A computational study of single cells trapping inside a microfluidic channel

Amelia Ahmad Khalili1and Mohd Ridzuan Ahmad1,2

1Dept. of Mechatronic and Robotic,

Faculty of Electrical Eng., Universiti Teknologi Malaysia 81310 Skudai, Johor, Malaysia

2 Institute of Ibnu Sina, Universiti Teknologi Malaysia, 81310 Skudai, Johor, Malaysia. amelia.ahmadkhalili@gmail.com and ridzuan@fke.utm.my

Abstract—The purpose of this paper is to present the simulation results from a computational model of cell-like object flow in a microfluidic device. This work is important because computational models are needed to design miniaturized biomedical devices which leverage microfluidics technology. Microfluidic devices are important for the single cell analysis such as cell adhesion and single cell electrical properties studies which could lead to many significant applications including early disease diagnosis. The aims of this study are to trap a single cell-like object in the micro-well and to obtain the optimized micro-channel water flow rate and micro-well suction rate using finite element analysis. This study presents numerical solutions from the finite element analysis simulation using ABAQUS-FEA software to analyze the effects of suction rate and depth of the micro-well for a single cell trapping in a microfluidic device.

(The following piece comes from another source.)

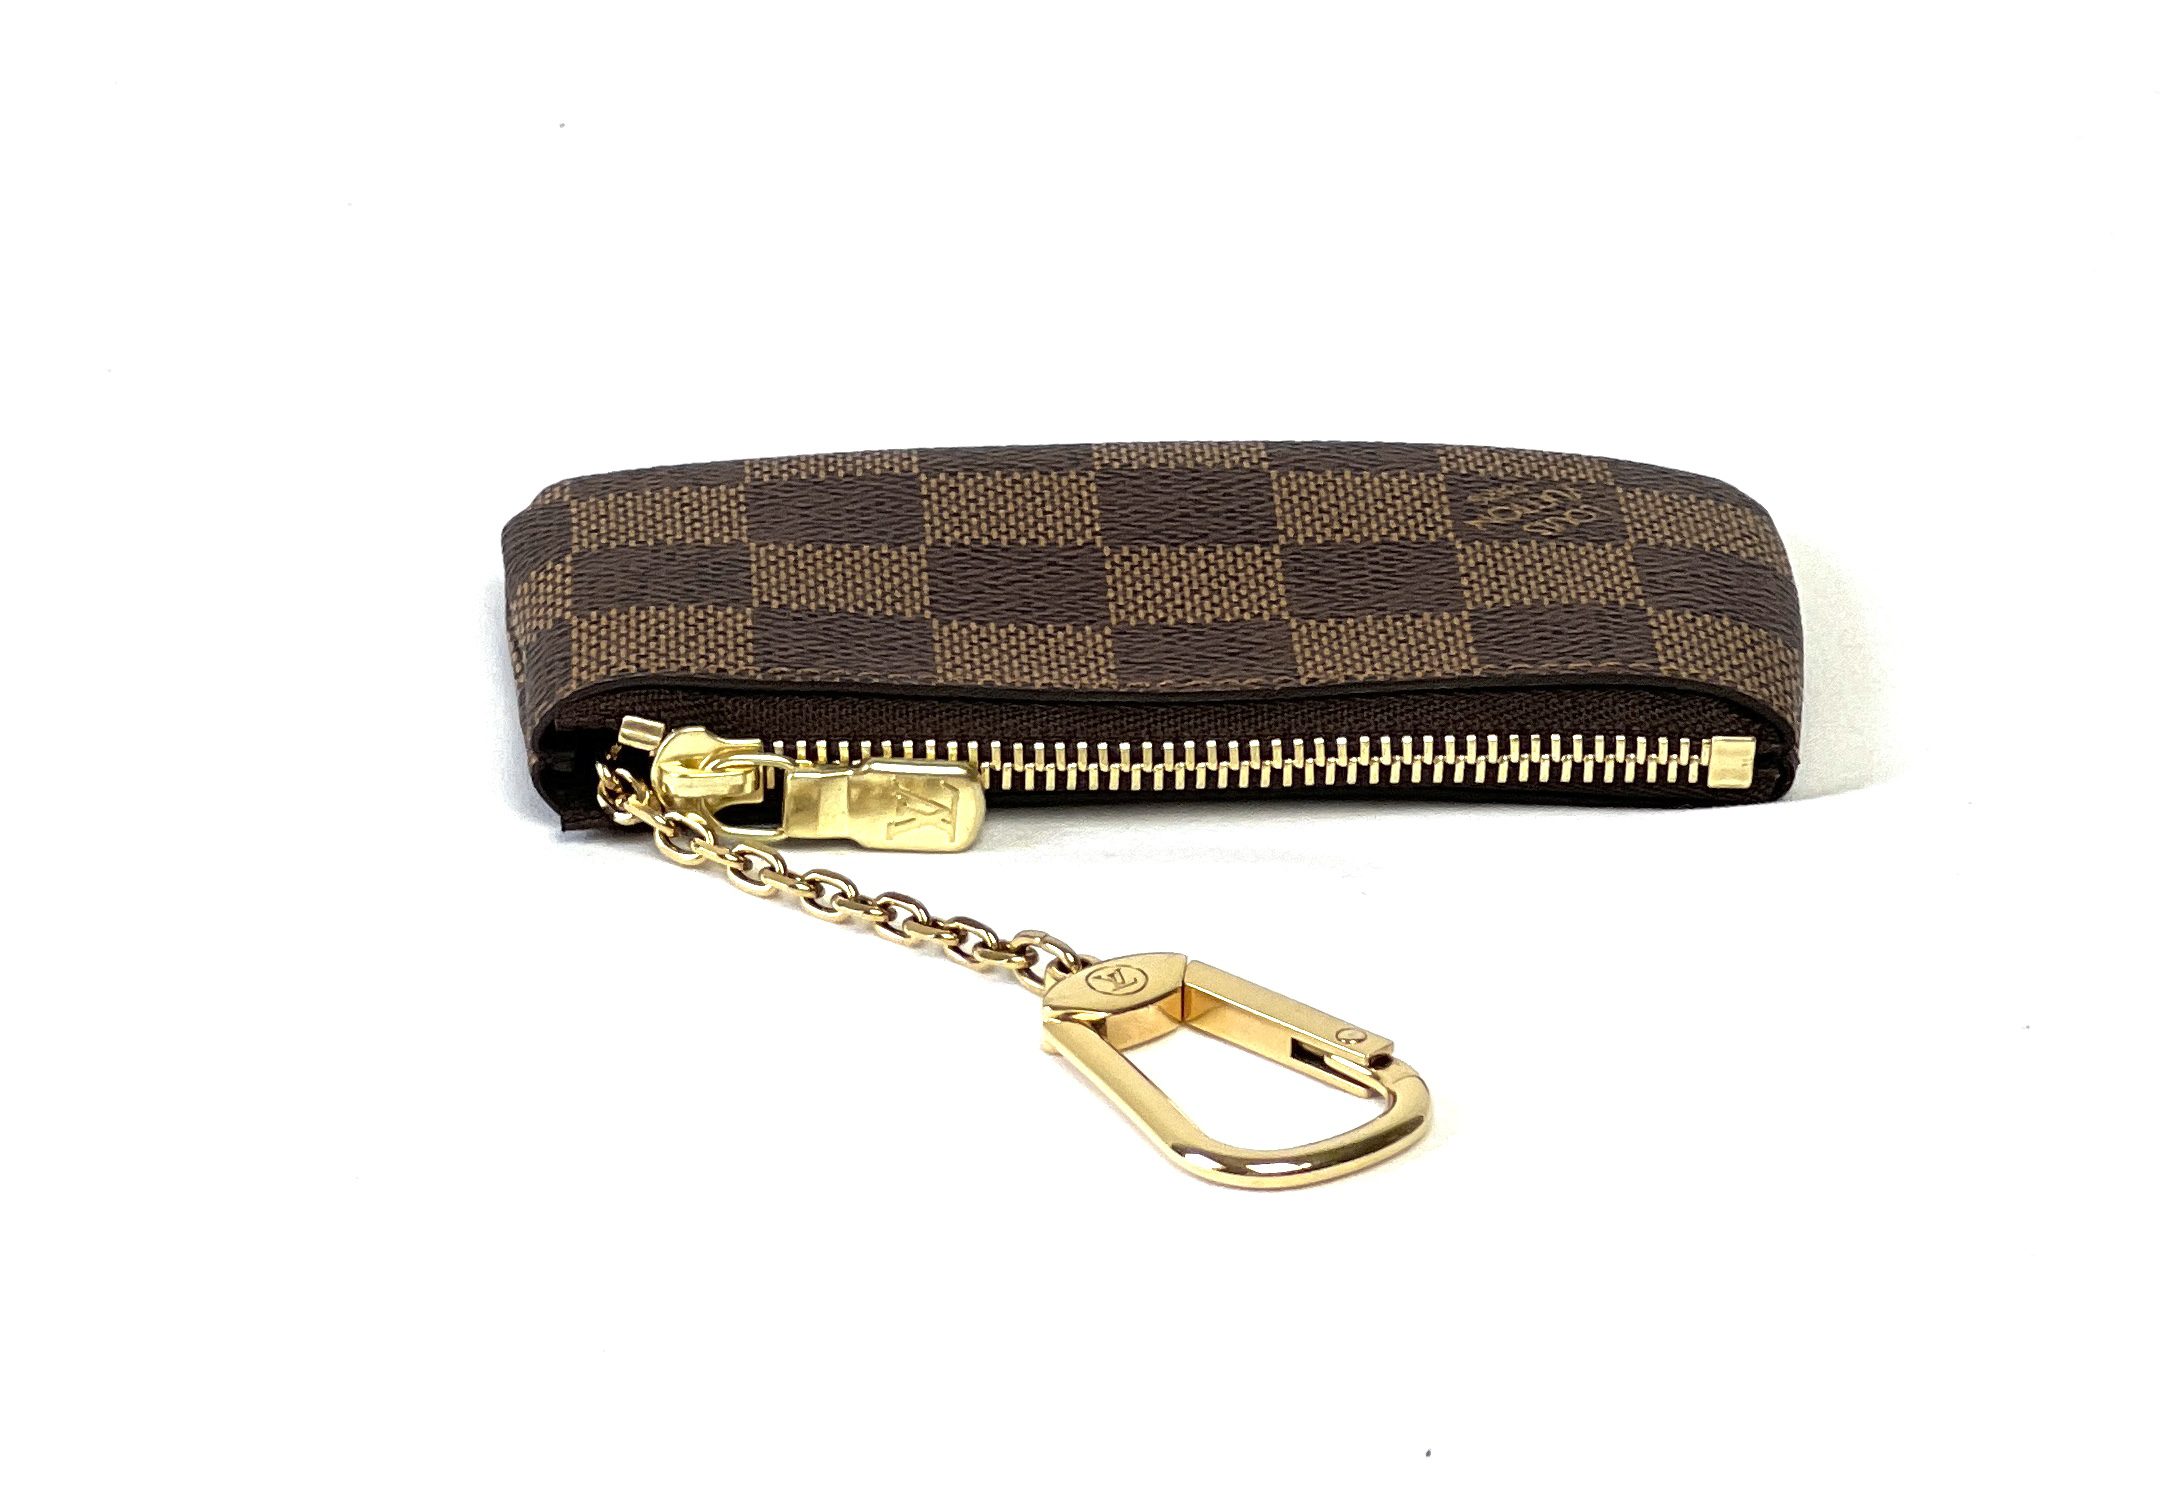 In Full Capacity: Louis Vuitton Key Pouch Review - Jena Pastor
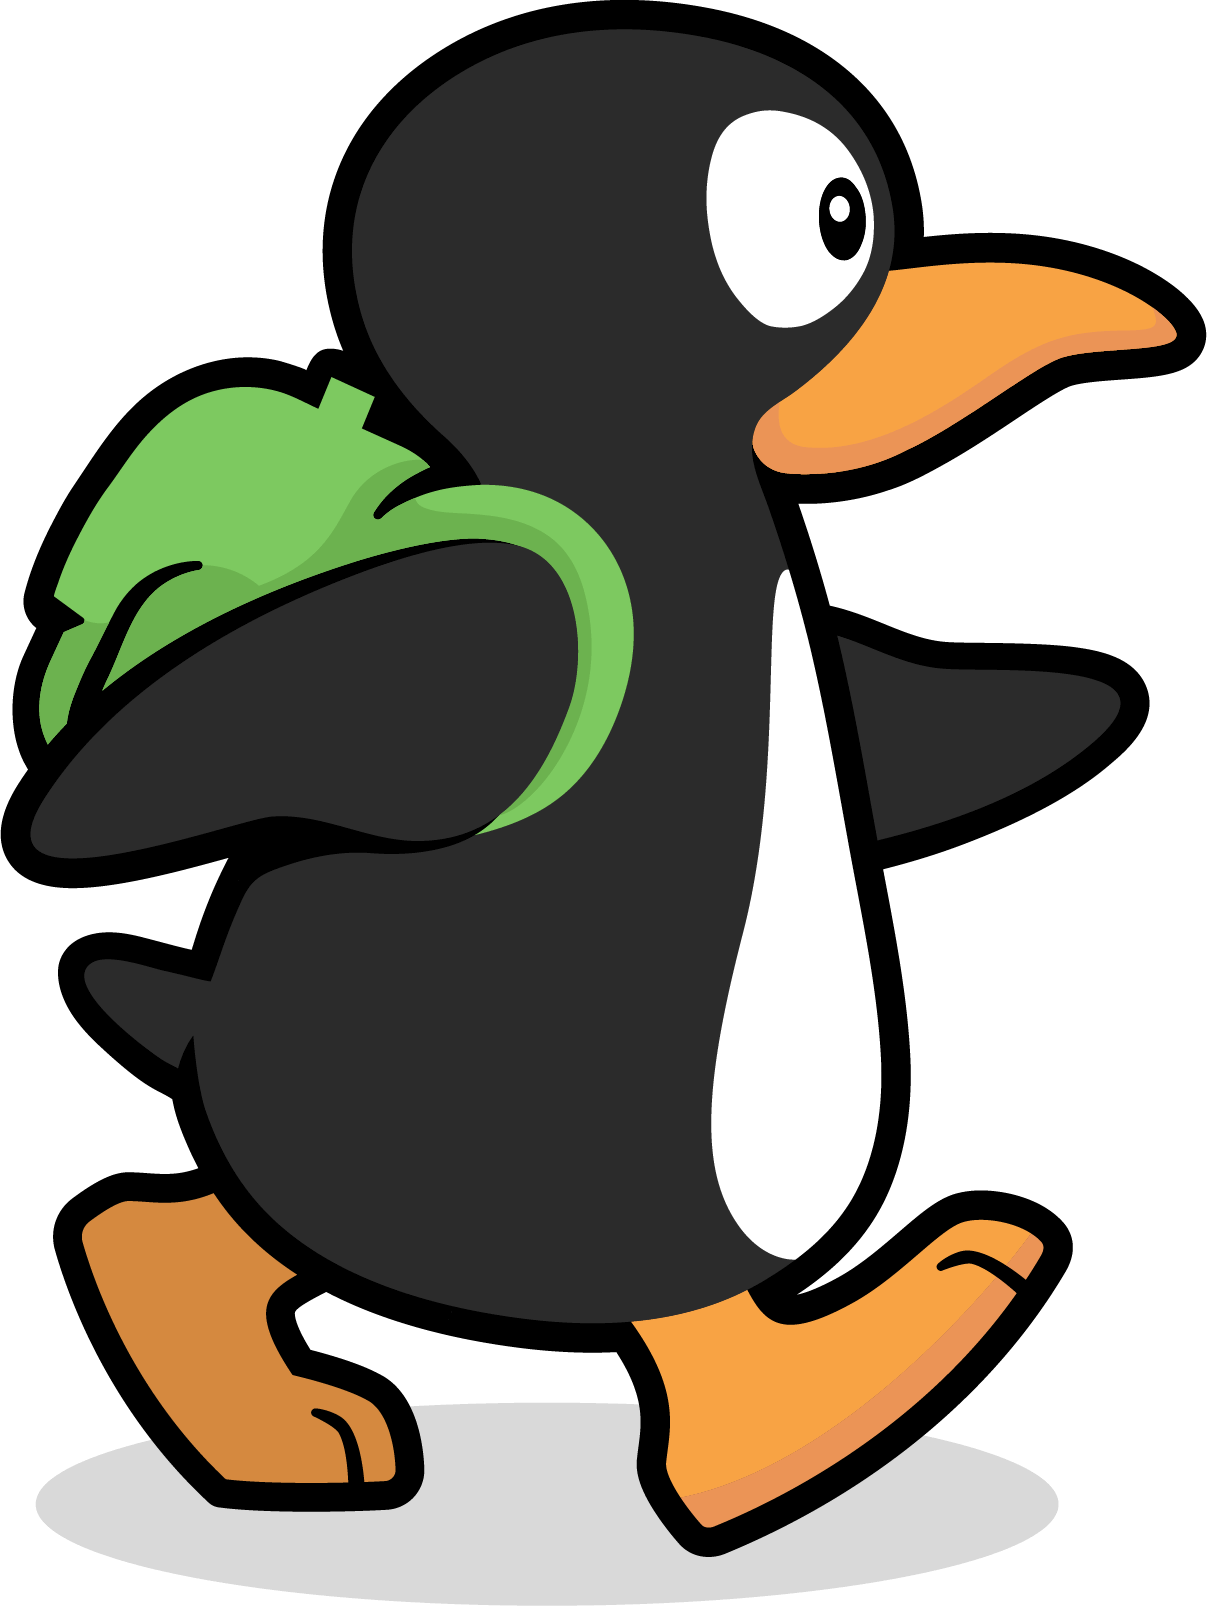 learning-loss-recovery-with-jiji-2021

According to the simulation results, a single cell-like object able to be trap into the micro-well with the optimized well’s depth and suitable micro-channel’s flow rate and micro-well’s holes suction rate.

Keywords-component; single cell, finite element, microfluidic, cell trapping

I. INTRODUCTION Conventional biological studies are usually carried out

with large cell populations thus preventing assessment of individual cell. The measurement of population based study can only reflect the average values summed over the responses of many cells. Accessing the information inherent to single cells will allow us to resolve such heterogeneity and eventually improve our understanding of enduring problems in molecular biology, cancer diagnostics, pathology and therapy. The analysis of single cells with a sufficient number of cells to elucidate process heterogeneities is necessary to obtain more precise information, to obtain statistically meaningful data and thus, reveal the properties of individual cells and cell-to-cell differences [1].

Microfluidic platforms have become an important tool for

single cell analysis as they allow constructing fluidic

channels in dimensions adapted to a specific cell size and provide fluidic tools for cell analysis with minimal dilution errors [4-8]. Microfluidics could overcome difficulties or challenges in traditional assays in medical diagnosis and have the ability to handle small sample sizes and thus minimized the use of valuable reagents in the analysis. The major advantages of micro fabricated systems for cell study are the ability to design cellular microenvironments, precisely control fluid flows, and to reduce the time and cost of cell culture experimentations.

Microfluidic devices using hydrodynamic flows exhibit

numerous advantages such as non-marker labeling, short detection time and high reproducibility based on simple and robust experimental procedure [2]. The size-based approach is relatively less invasive because it does not require any chemical or biological interactions between the cells and the device. Single cells trap should not only allow spatial localization of single cells, but also create micro-reaction chambers, where reactions with stimuli can take place [4] and manipulations could be performed.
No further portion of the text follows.